色覚特性少数派であることをカミングアウトした五つの理由
色覚特性少数派であることをカミングアウトした五つの理由

(1)カミングアウトしやすい環境に恵まれたこと。

私の職場では、色覚異常で特に不利益を被ることもなく、また、社会的差別を受けることもほとんどない職場でした。

また、あらかじめ色覚異常であることを周囲に告げておくことで、それなりの配慮を受けられる立場でもあり、カミングアウトの敷居が低かったこともひとつの要因であったと思います。



(2)子どもたちや孫たちに色盲・色弱に対する偏見・差別のない未来を残したかったこと

子どもというものは、ときには無自覚で残酷なことをなんの躊躇もなくするものです。

大勢の中で、一人だけ他と違った形質の子がいるといじめの対象に為りやすいと言われます。

しかし、人に個性があるように、色覚も人によって千差万別です。

異常色覚と正常色覚との境界線は、実は曖昧で、ここからここまでが正常色覚、ここから先は異常色覚と単純に割り切れるものではありません。

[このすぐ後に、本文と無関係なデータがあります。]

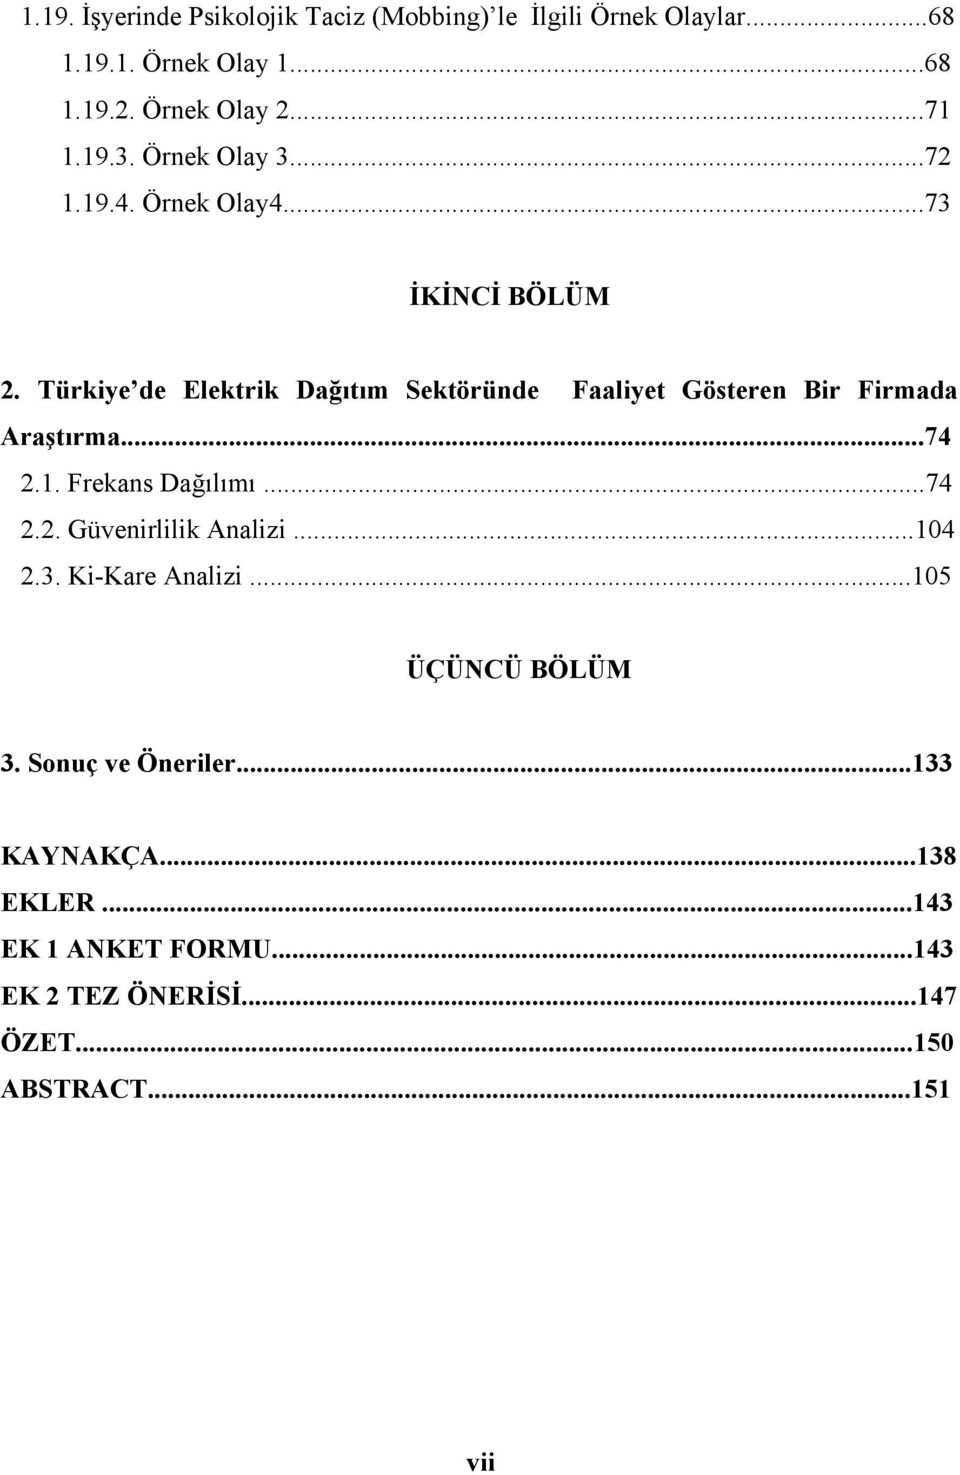 Türkiye de Elektrik Dağıtım Sektöründe Faaliyet Gösteren Bir Firmada Araştırma...74 2.1. Frekans Dağılımı...74 2.2. Güvenirlilik Analizi.

実際には、グラデーションのように連続的に変化して、限りなく正常に近い異常色覚から、

私のような、判然とした正真正銘の色覚異常まで、実に様々です。

子どもたちには、このグラデーションのような色覚特性の多様性を素直に受け入れて欲しいものです。


(3)色覚異常の形質を持って生まれた子を持つ母親たちに、1型2色覚の当事者として体験談などの情報を提供したかったこと。

色覚特性で遺伝子は、主に母親から子どもに受け継がれます。

幼児期の子どもの動静から、
「なんとなくこの子の色彩感覚はおかしい。」
と感じて目医者さんに連れて行ったり

一度、廃止された学校での色覚検査で色覚少数派とわかり、パニックになるなどということもあるでしょう。

多くの母親は、どうしてうちの子だけがと悲嘆に暮れ、

やがて、「うちの子」が色覚異常であることの理由を探そうとします。

その結果、母親自身が持っていた隠れ遺伝子が原因であることを知ることになります。

そんな、母親たちに声をかけてあげたい。

「お母さん、自分を責めないで!」

「色盲の遺伝は、誰のせいでもないのだから!」

「貴男の子どもは、一時期あなたを憎むかもしれない」

「でも、それは一時的なものだから気にしないで欲しい」

そう声をかけてあげたい。


(4)正常色覚者に対して、色覚異常について正しい認識を持ってもらいたかったこと。

色覚異常をカミングアウトすると

「色が見えないの?」
「じゃあ、これは何色に見えるの?」

正常色覚者が私に対してする質問の定番中の定番です。

考えてみれは、グラデーションのように連続する色覚特性は、千差万別、人が千人いれば、一枚の赤い色紙(いろがみ)には千通りの「赤」が見えるのです。

正常色覚の人たちは、数が多いという理由だけで全く同じ色を見ているものと決め込んでいます。

色覚特性に限らず、多様性のある社会を柔軟に受け止めて欲しいと思います。


(5)再び、子どもたちのこと孫たちのこと

私の家は、息子と娘と三人の孫がいます。

家内が、色覚異常の遺伝子を持っているのか持っていないのかは、遺伝子解析を受けていないのでわかりません。

息子は正常色覚なので、とりあえずは色覚異常の遺伝子はありません。

娘たちは、色覚特性の遺伝の法則からもって、100%因子保有者です。

息子の男の子(孫)は、色盲ではなさそうなので、遺伝子のリレーからは抜けだしました。

ただし、因子を保有する女性との結婚によって再びリレーに参加する可能性はありますが(女性の因子保有者は、10人に一人と言われています)

娘たちは、ふたりとも因子保有者なのは前述しましたが、娘たちの娘ふたりは、50%の確率で因子保有者の可能性があります。

孫娘たちには、まだこのことを話してはいませんが、娘たちには話しているので、後は委せるしかありません。